2 Total revenue and profit.
3 Break-even point.
Key words: fixed costs, variable costs, total costs, price, quantity of goods,
economic profit, total revenue, break-even point.
There are different types of economic costs.
Fixed Costs (FC). The costs which don’t vary with changing output. Fixed
costs might include the cost of building a factory, insurance and legal bills. Even if
your output changes or you don’t produce anything, your fixed costs stay the same. In
the above example, fixed costs are always £1,000.
Variable Costs (VC). Costs which depend on the output produced. For
example, if you produce more cars, you have to use more raw materials such as
metal. This is a variable cost.
Semi-Variable Cost. Labour might be a semi-variable cost. If you produce
more cars, you need to employ more workers; this is a variable cost. However, even
if you didn’t produce any cars, you may still need some workers to look after empty
factory.
Total Costs (TC) = Fixed + Variable Costs
Marginal Costs – Marginal cost is the cost of producing an extra unit. If the
total cost of 3 units is 1550, and the total cost of 4 units is 1900. The marginal cost of
the 4th unit is 350.
Opportunity Cost – Opportunity cost is the next best alternative foregone. If
you invest £1million in developing a cure for pancreatic cancer, the opportunity cost
is that you can’t use that money to invest in developing a cure for skin cancer.

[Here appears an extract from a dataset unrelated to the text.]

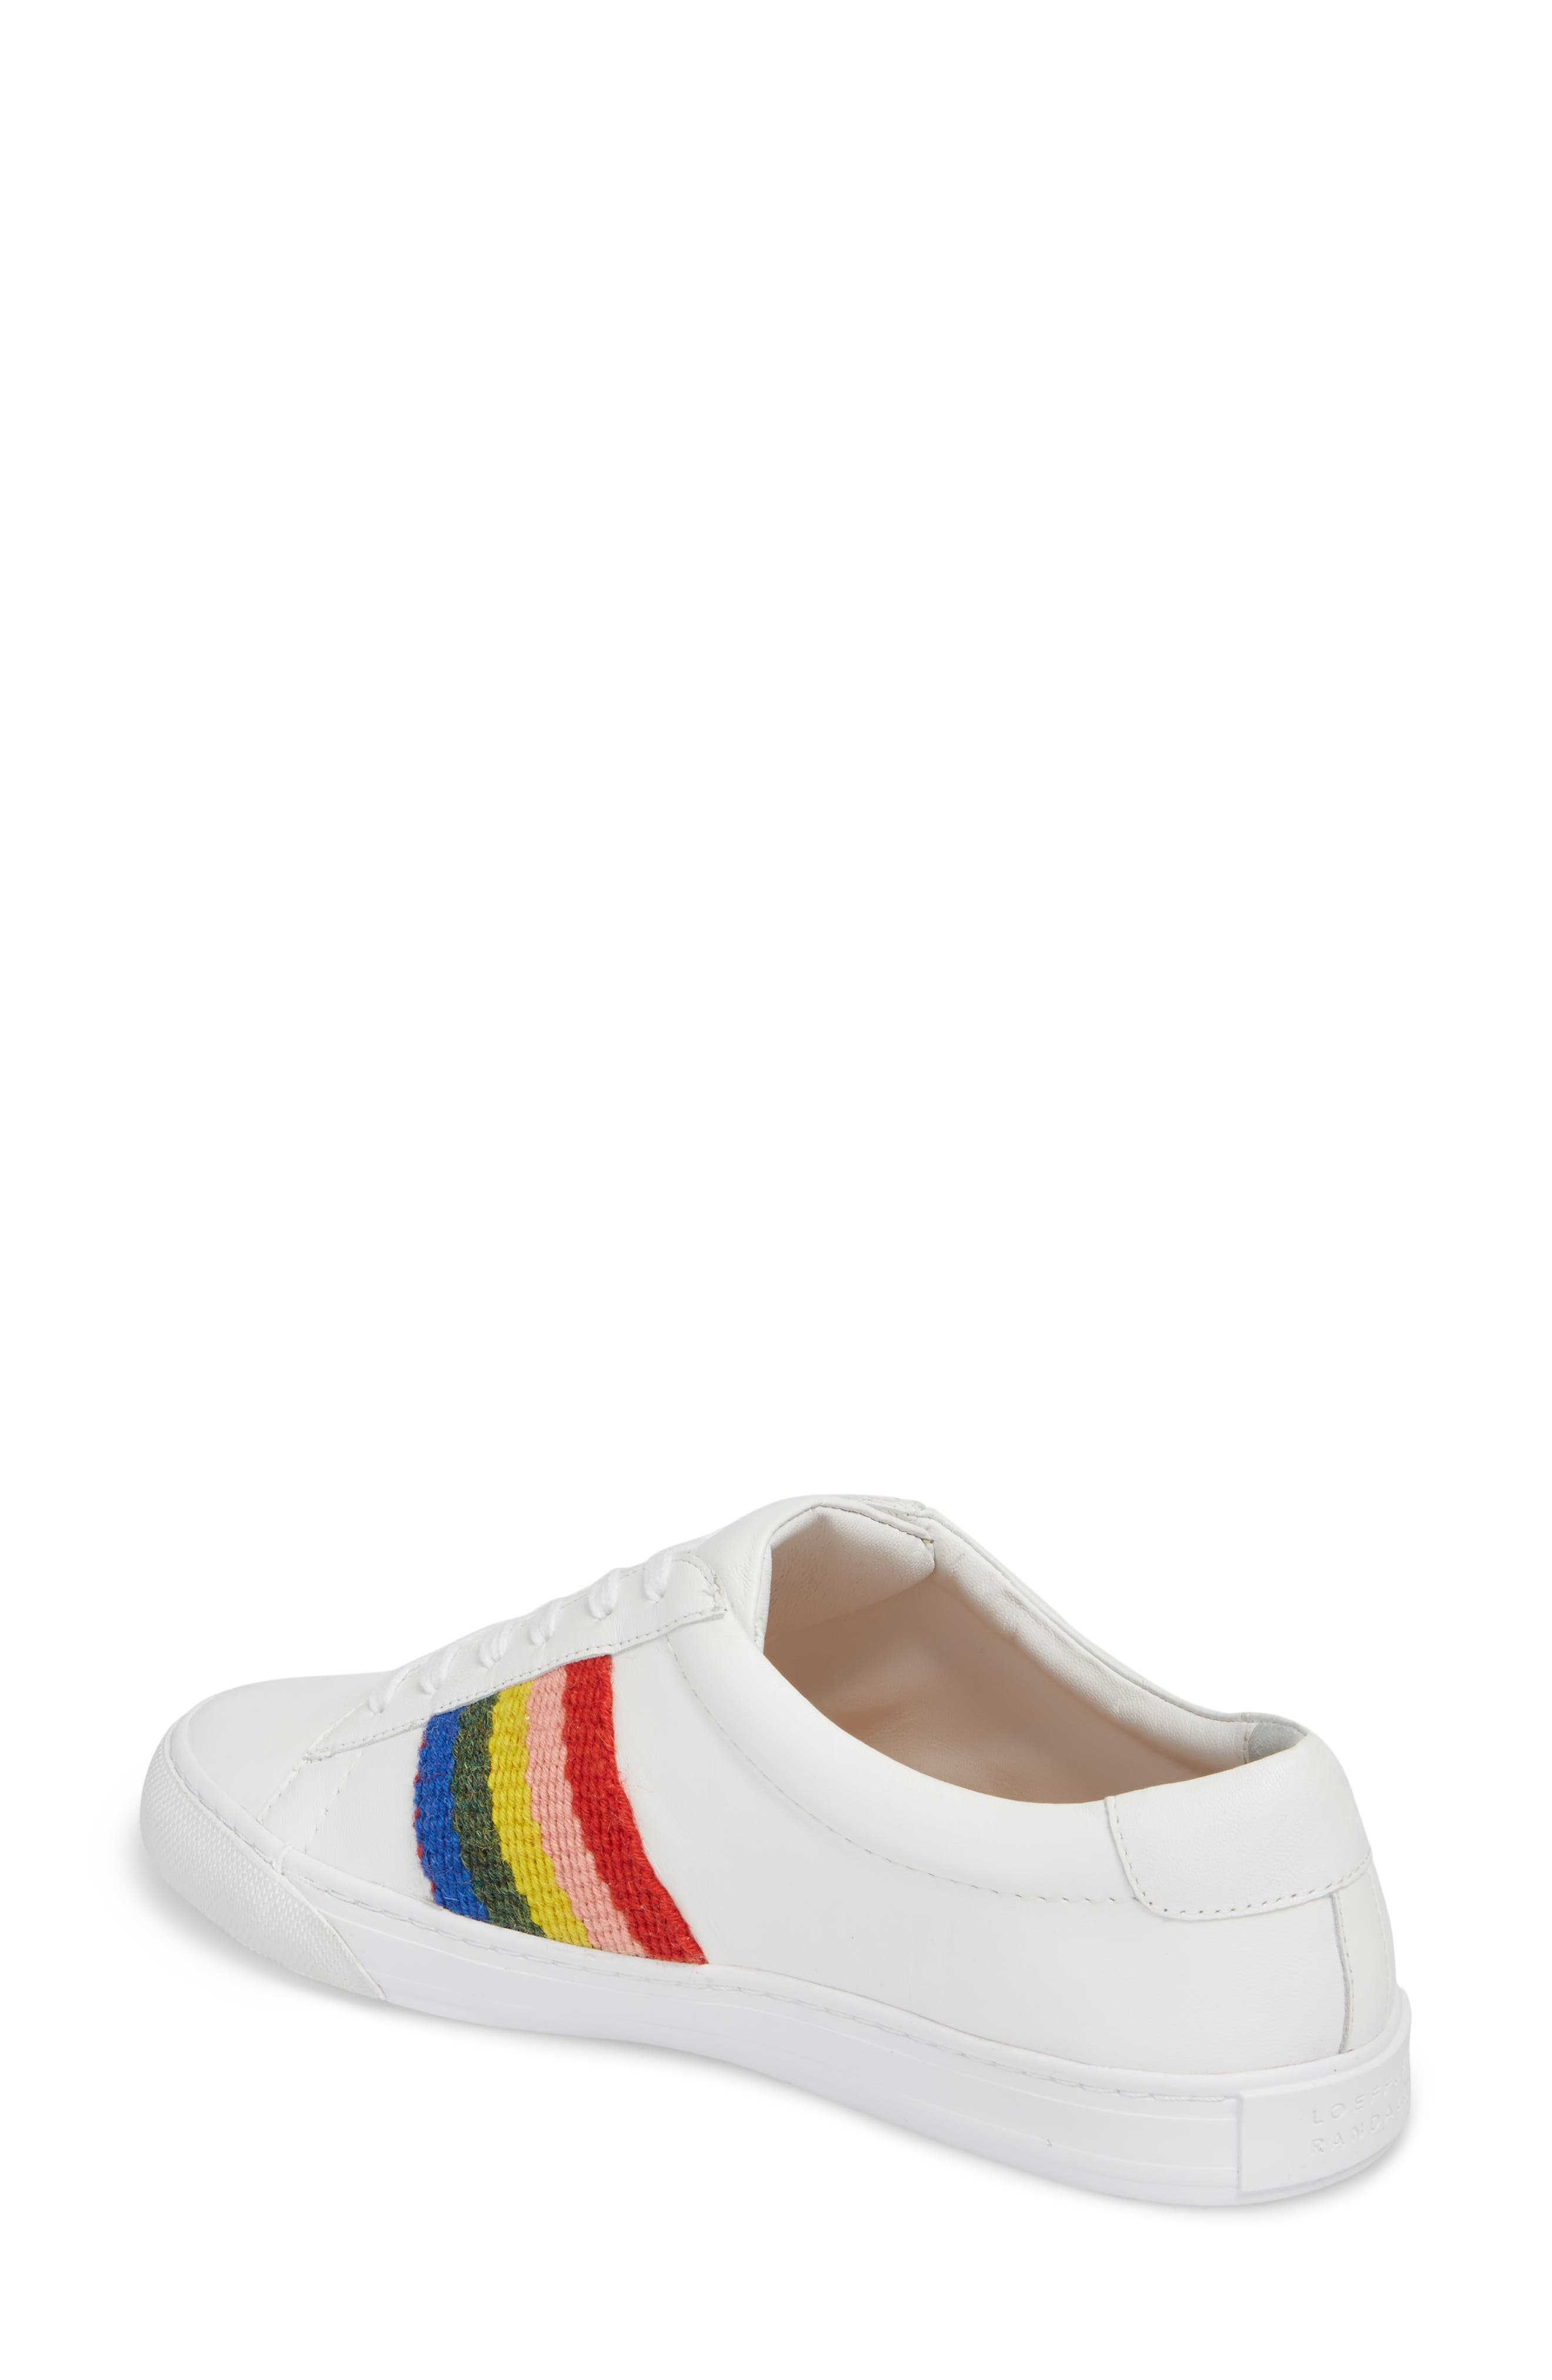 Logan Rainbow Sneaker,                             Alternate thumbnail 2, color,                             WHITE/ RAINBOW

Economic Cost. Economic cost includes both the actual direct costs
(accounting costs) plus the opportunity cost. For example, if you take time off work
to a training scheme. You may lose a weeks pay of £350, plus also have to pay the
direct cost of £200. Thus the total economic cost = £550.
Accounting Costs – this is the monetary outlay for producing a certain good.
Accounting costs will include your variable and fixed costs you have to pay.
Sunk Costs. These are costs that have been incurred and cannot be recouped.
If you left the industry, you could not reclaim sunk costs. For example, if you spend
money on advertising to enter an industry, you can never claim these costs back. If
you buy a machine, you might be able to sell if you leave the industry.
Avoidable Costs. Costs that can be avoided. If you stop producing cars, you
don’t have to pay for extra raw materials and electricity. Sometimes known as an
escapable cost.
Market Failure:
Social Costs. This is the total cost to society. It will include the private costs
plus also the external cost (cost incurred by a third party). May also be referred to as
‘True costs’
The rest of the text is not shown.